Town of Easton opens door to nuclear plant idea

In a move that revisits a controversy from the late 1960s, the Easton Town Board wants to explore th

In a move that revisits a controversy from the late 1960s, the Easton Town Board wants to explore the feasibility of putting a nuclear power plant in the Washington County town.

Town Supervisor John A. Rymph said Thursday the Town Board passed a resolution this week to create a committee to study the issue.

Niagara Mohawk Power Corp. purchased 1,000 acres of land along the Hudson River in Easton in the late 1960s, where it was planning to build a nuclear plant. But the project met with strong opposition and never was built, Rymph said.

He said the town’s resolution is in support of Rep. Chris Gibson, R-Kinderhook, who issued a statement in late January saying he wants to have a nuclear power plant built somewhere in his district to jump-start economic recovery and provide a cleaner, cheaper form of energy.

“I would like to see one in the district,” Rymph said, referring to Gibson’s 20th Congressional District. “Nuclear is definitely the way to go.” In his opinion, Rymph said, a nuclear plant was a better alternative than “destroying the environment with fossil fuels.”
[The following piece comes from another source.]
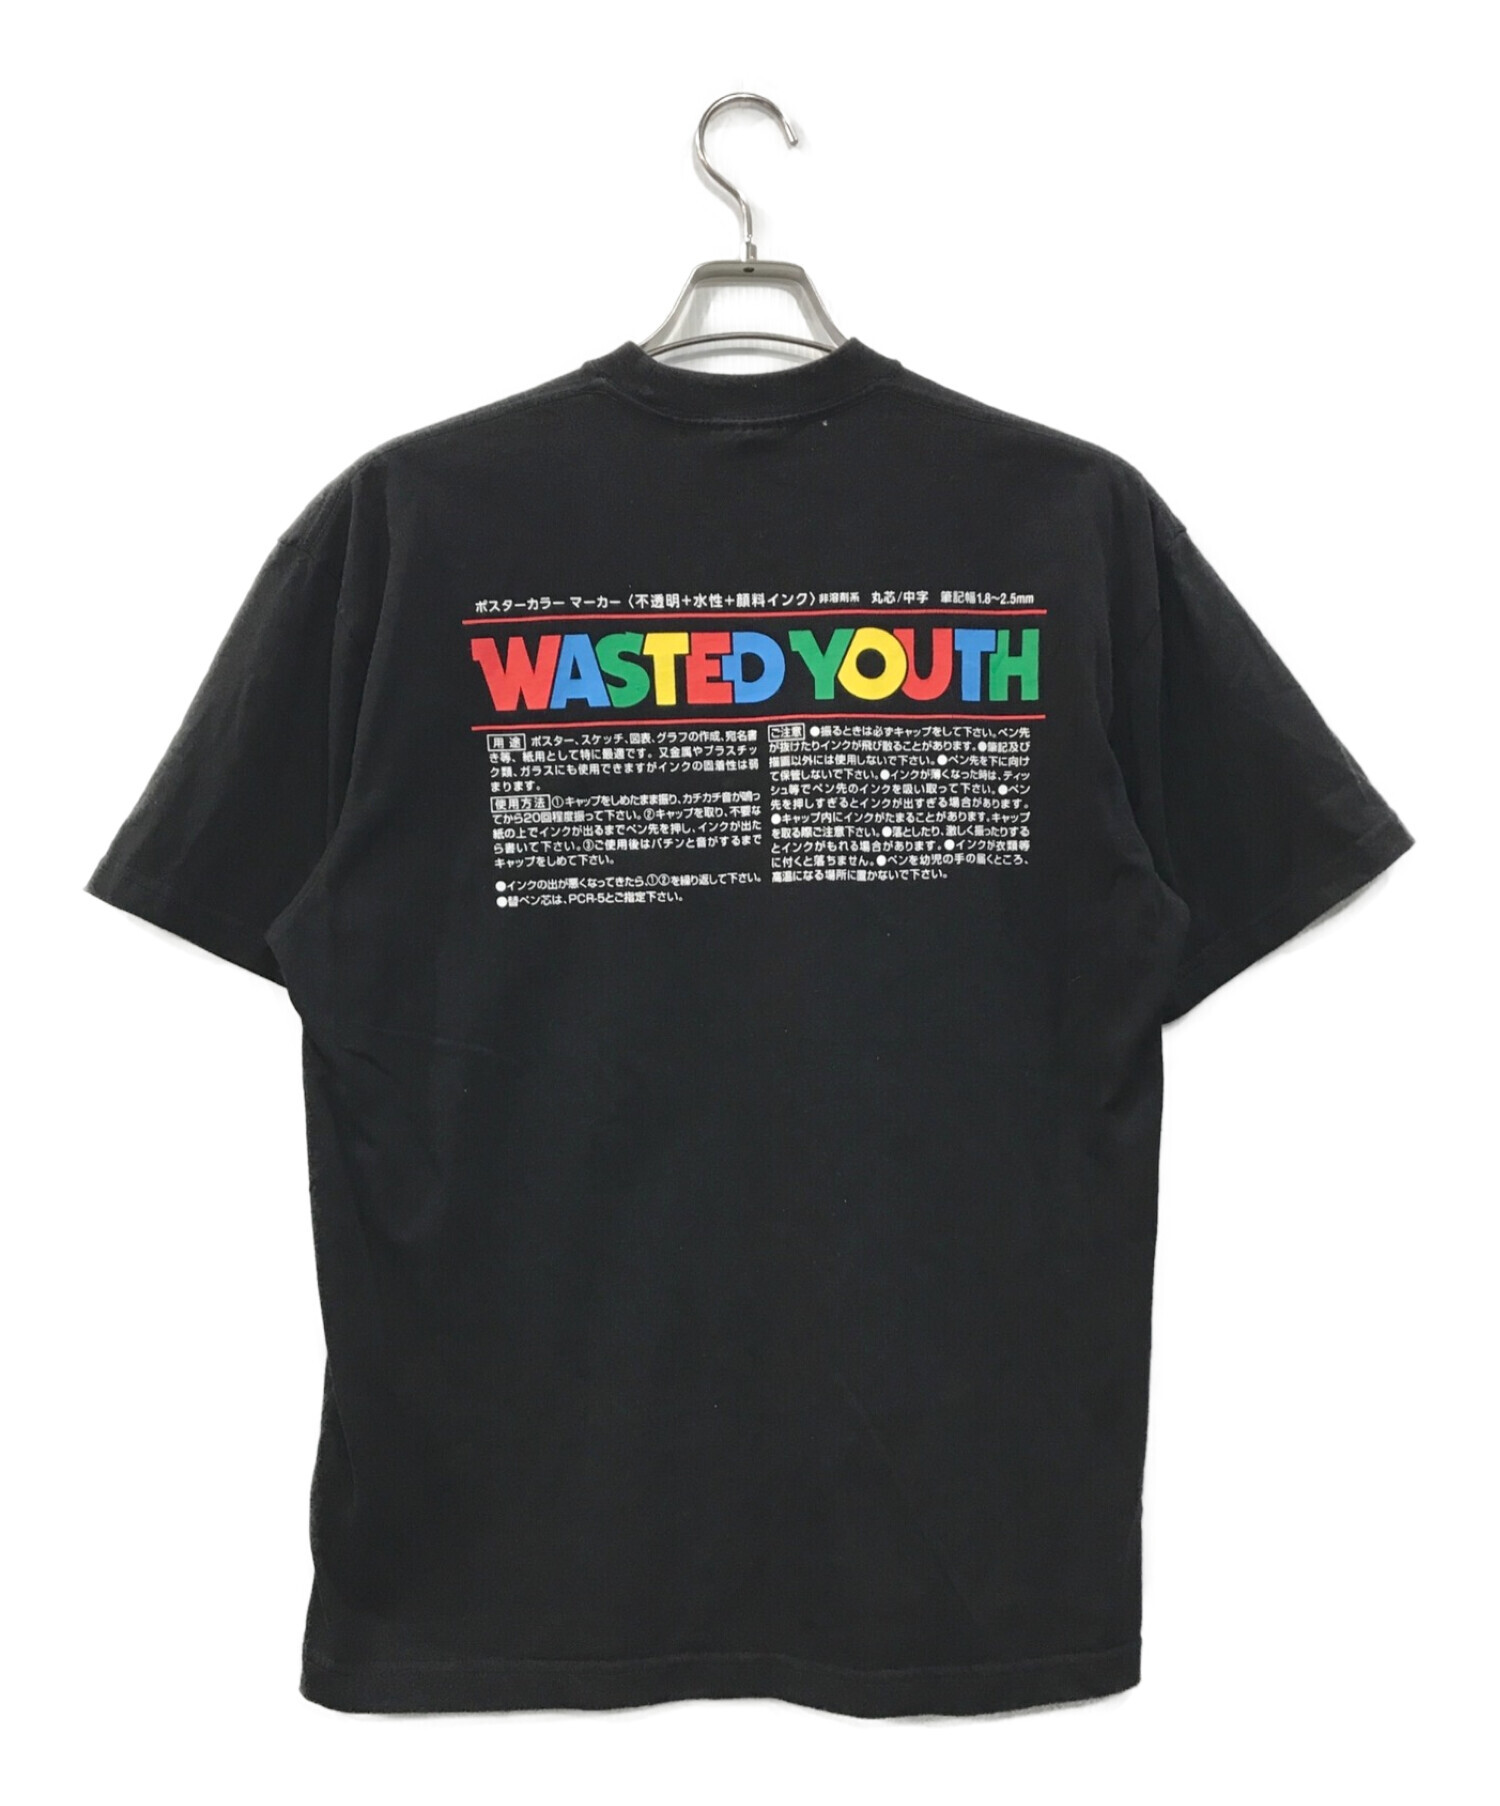 Tokion Wasted Youth ポスカ Tシャツ VERAY Mサイズ

Rymph said Tuesday’s Town Board meeting was attended by about 50 people. More than half of them were opposed to the resolution, he said. The board vote was 4 to 1 with Town Board member Curtis B. Taylor voting against the committee.

Rymph said Taylor told him that he wasn’t ready to vote on the issue but wasn’t totally opposed to the idea.

Rymph stressed that the five-person committee, which would include two town officials and three members at large, would take a look at the pros and cons of having a nuclear power plant in the rural, agricultural town of nearly 3,000.

He said the committee would look at the issue, and, “if it’s feasible, fine; if not, end of story.”

Phil Ulrich, a retired nuclear engineer and a resident of nearby Greenwich, said Thursday he attended the Town Board meeting and spoke in favor of nuclear power.

Ulrich said he has a bachelor’s degree in nuclear engineering from Rensselaer Polytechnic Institute in Troy and spent six years in the Navy working in nuclear propulsion projects.

“The 104 nuclear reactors in the United States are not problematic,” he said. He said he has performed 100 reactor startups, including those on aircraft carriers.

He described Tuesday’s board meeting as civilized and rational with no emotional outbursts from the audience.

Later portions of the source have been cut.